В Базилике в тот день была очередь Хазефена Муери дежурить возле трона под большим центральным куполом - задача, которую он попеременно делил с принцами Фа-Кимниболом и Пьют Кжаем. Он устало слушал ходатайства двух горластых торговцев зерном, пытавшихся получить возмещение убытков с третьего, который, возможно, обманул их, а может и нет, когда ему сообщили о странном посетителе, появившемся в городе.
Известие принес не кто иной, как капитан городской стражи Кьюробейн Бэнки - человек с крепкой фигурой и щеголеватый, который, как правило, поражал великолепным сияющим золотым шлемом, размером в половину головы, украшенный зелеными рогами и перьями. В этот день он тоже был в своем шлеме. Хазефен Муери нашел его одновременно и удивительным и вызывающим раздражение.
Разумеется, в том, что Кьюробейн Бэнки носил шлем, не было ничего дурного. В эти дни шлемы носило большинство горожан, лак или иначе отмечая свое происхождение от древнего, ходившего в шлемах племени бенгов. А Кьюробейн Бэнки являлся чистокровным бенгом. Но Хазефену Муери - который тоже был бенгом по отцовской линии, а его мать происходила от кошмаров, - казалось, что капитан стражи в этом отношении заходил слишком далеко.
Он не был особенно педантом. Наверное, эту черту он унаследовал от матери - мягкой и добродушно веселой женщины. На него не производили впечатление люди, подобные караульному, которые шумно проходили по жизни с важным, напыщенным видом, прокладывая дорогу благодаря своим размерам и хвастовству. Сам он был худощавый, с узкой талией и покатыми плечами, покрытый густым и черным мехом, местами поразительно белым и гладким, как у женщины. Но его хрупкость была обманчивой: он являлся человеком проворным и подвижным, со скрытой силой в теле, и в душе тоже.

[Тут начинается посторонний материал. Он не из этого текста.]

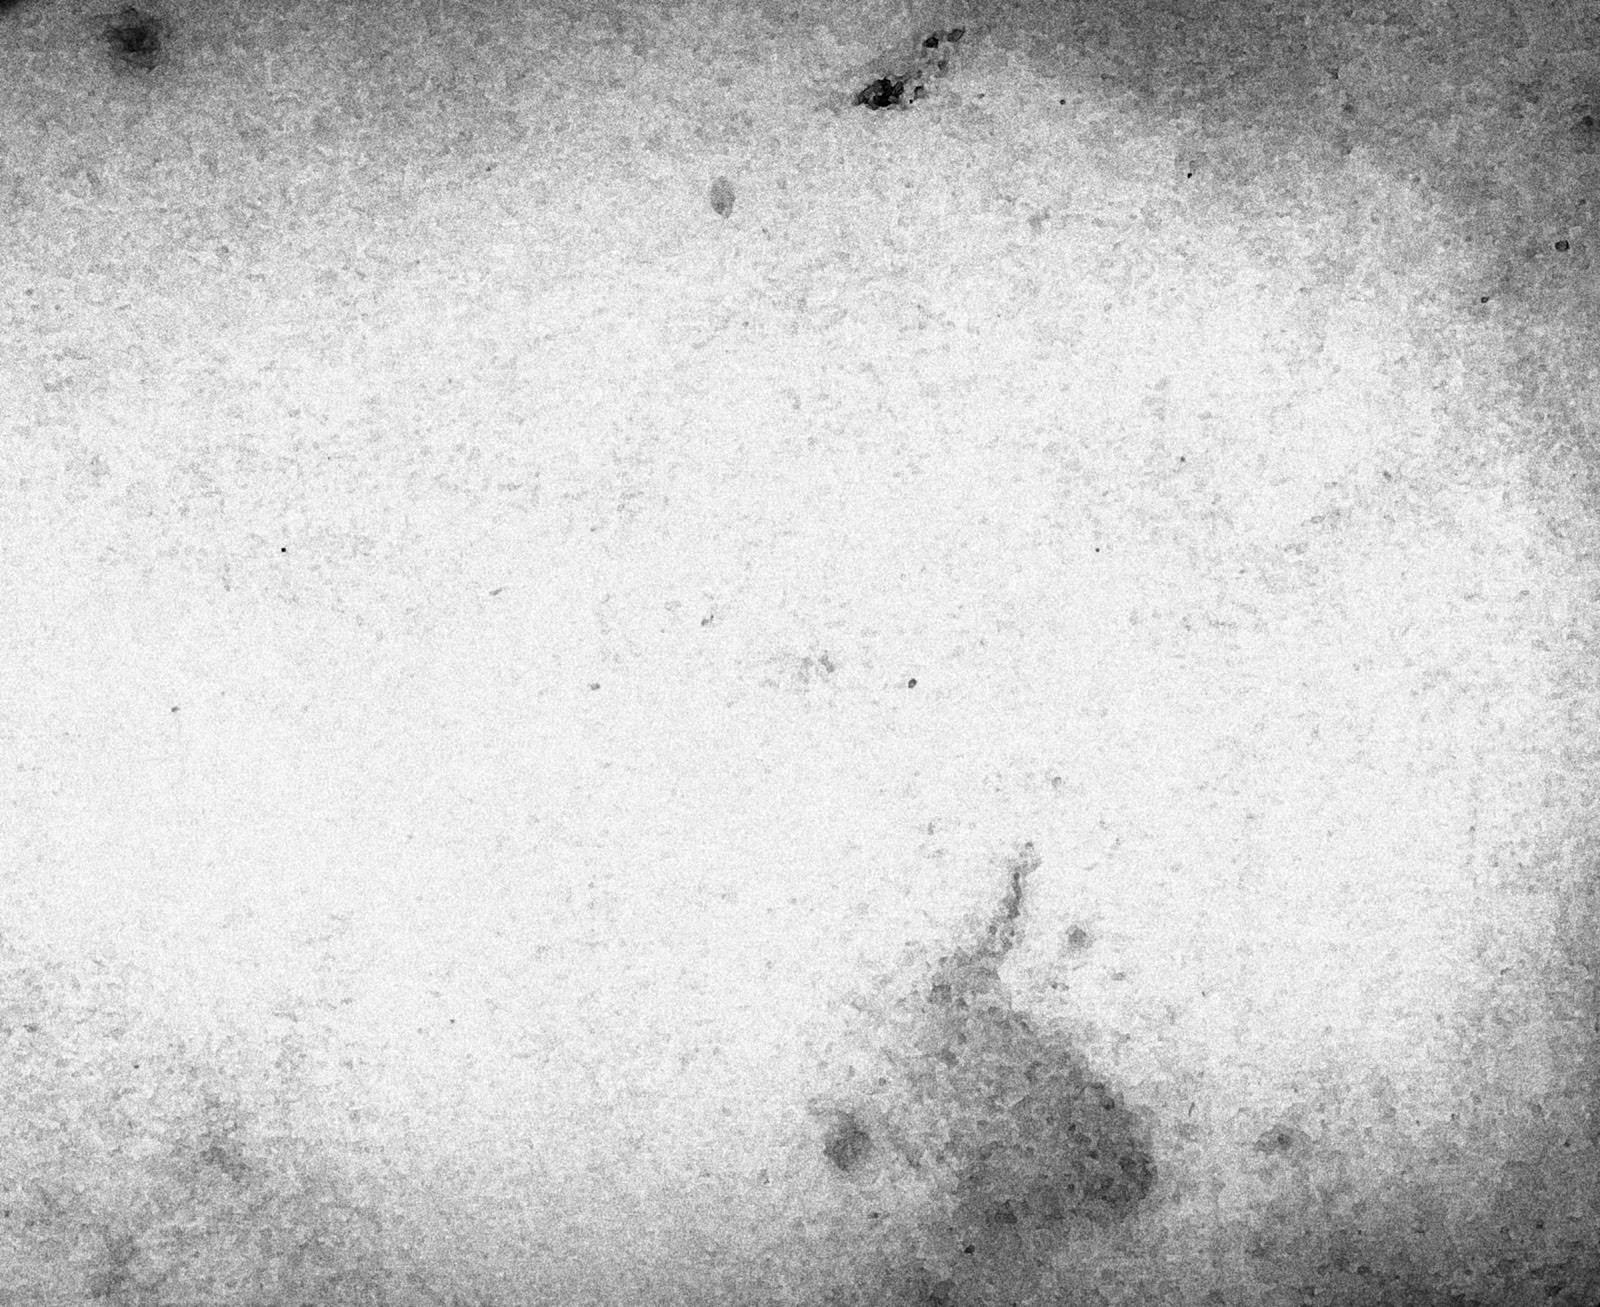 White Grunge Background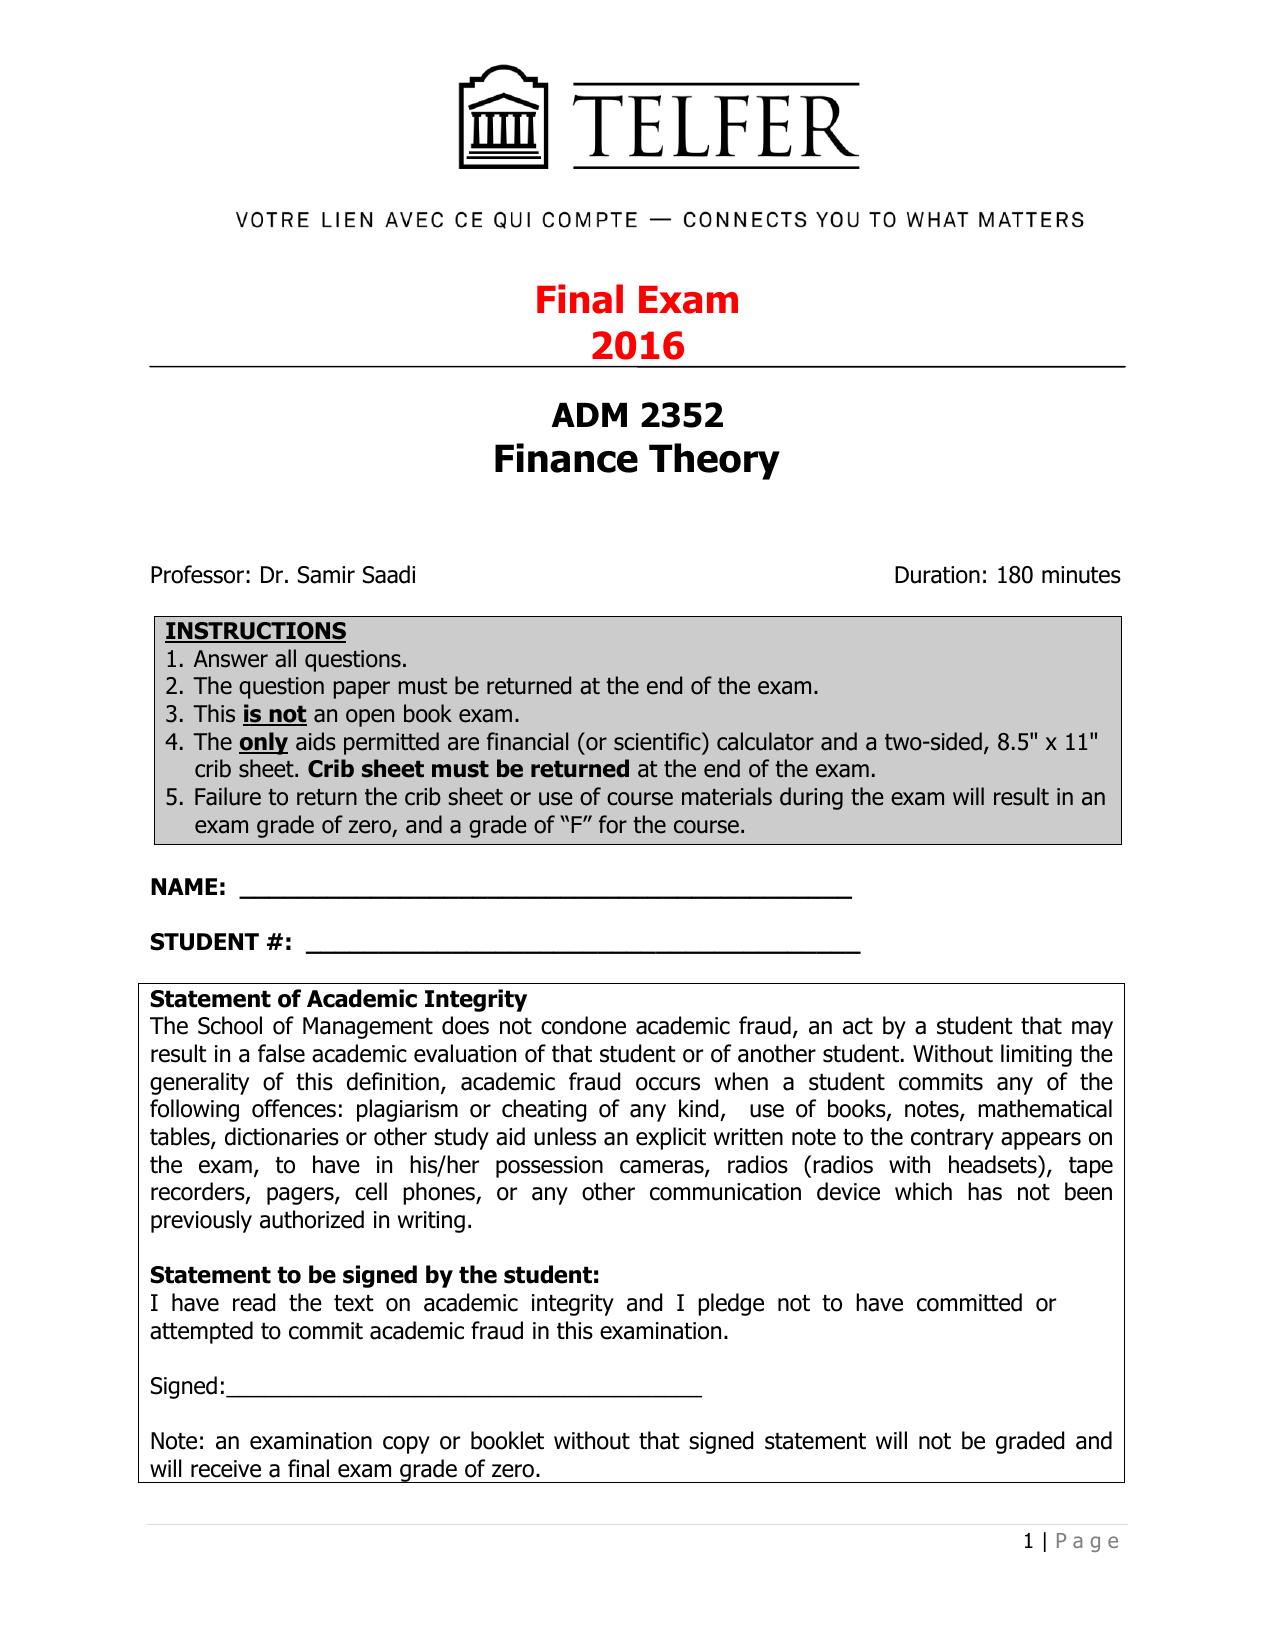 Final Exam ADM2352 2016.pdf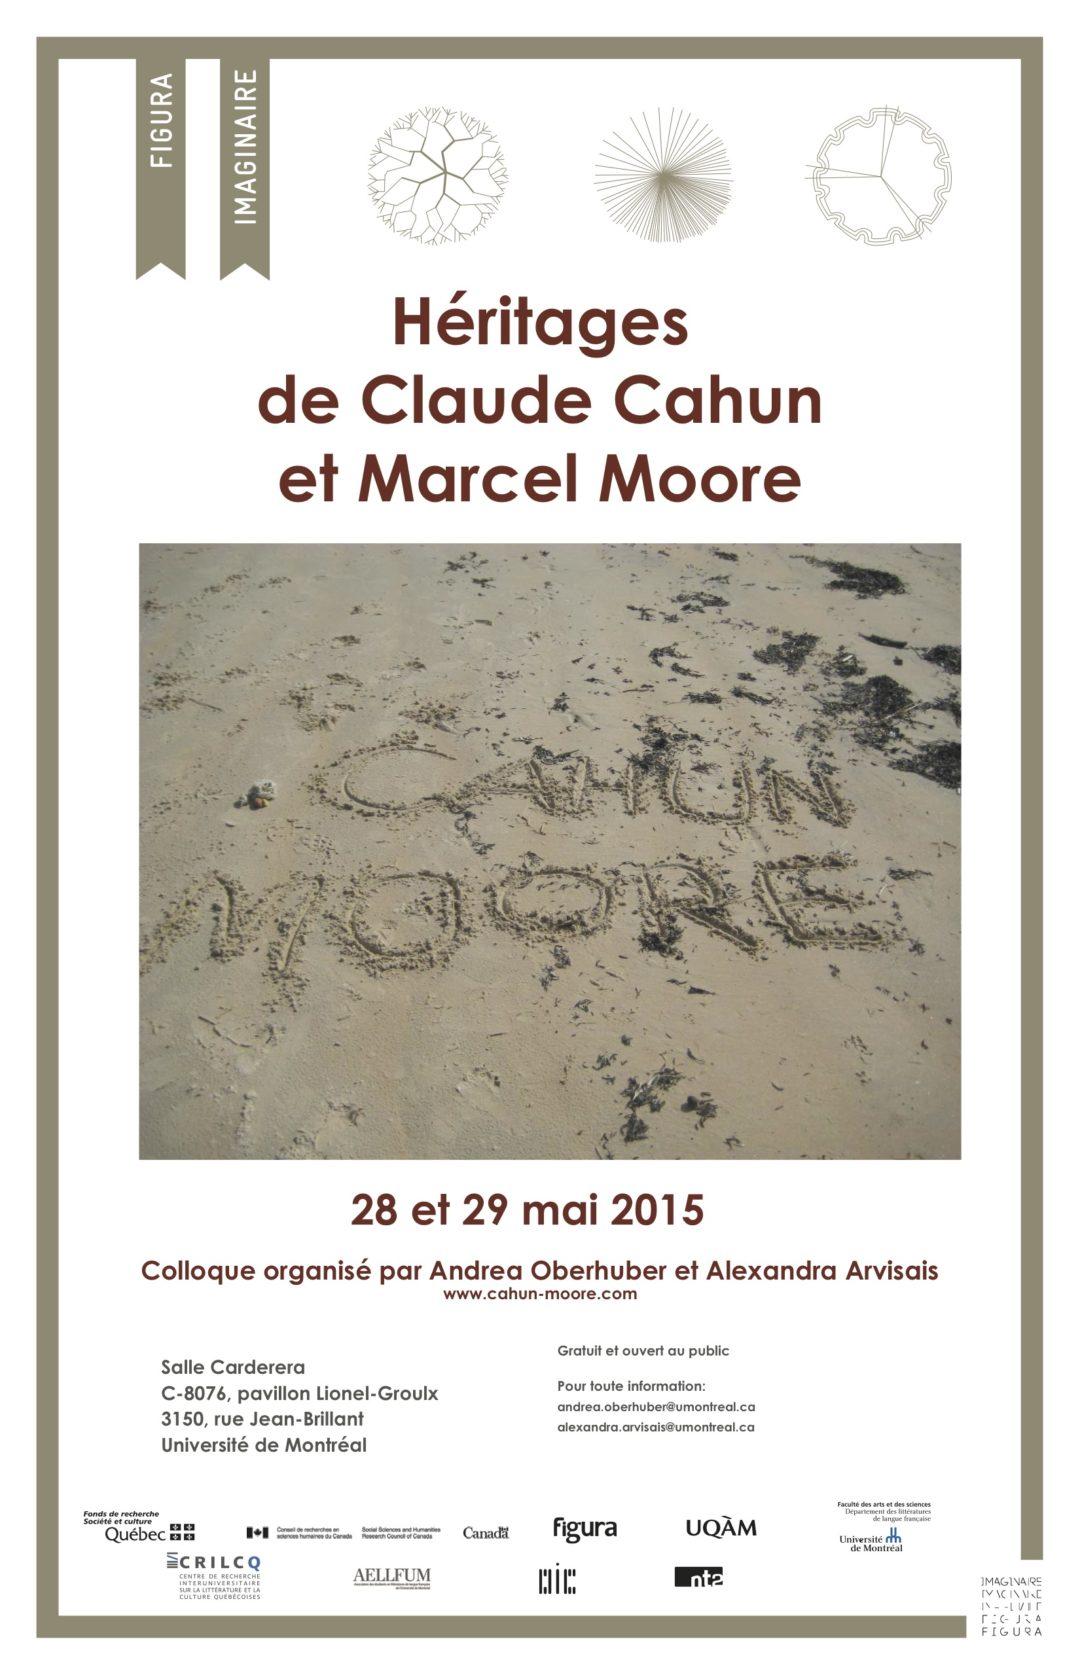 Colloque 2015: Héritages de Claude Cahun et Marcel Moore

- Накаба благоволит тебе, - важно объявил Кьюробейн Бэнки, почтительно склонив голову при приближении к трону. Сверх принятых норм он проделал рядовые знаки Джиссо-Покровителю и Доинно-Разру-шителю. Эта пара кошмарских богов: они всегда полезны, когда имеешь дело с метисами.
Хазефен Муери, считавший, что на все эти благословения и жестикуляции уходит слишком много времени, ответил небрежным знаком Джиссо и сказал:
- Что такое, Кьюробейн Бэнки! Мне уже хватило возни с этими рассерженными торгашами, и больше я не хочу сегодня встречаться с надоедливыми людьми.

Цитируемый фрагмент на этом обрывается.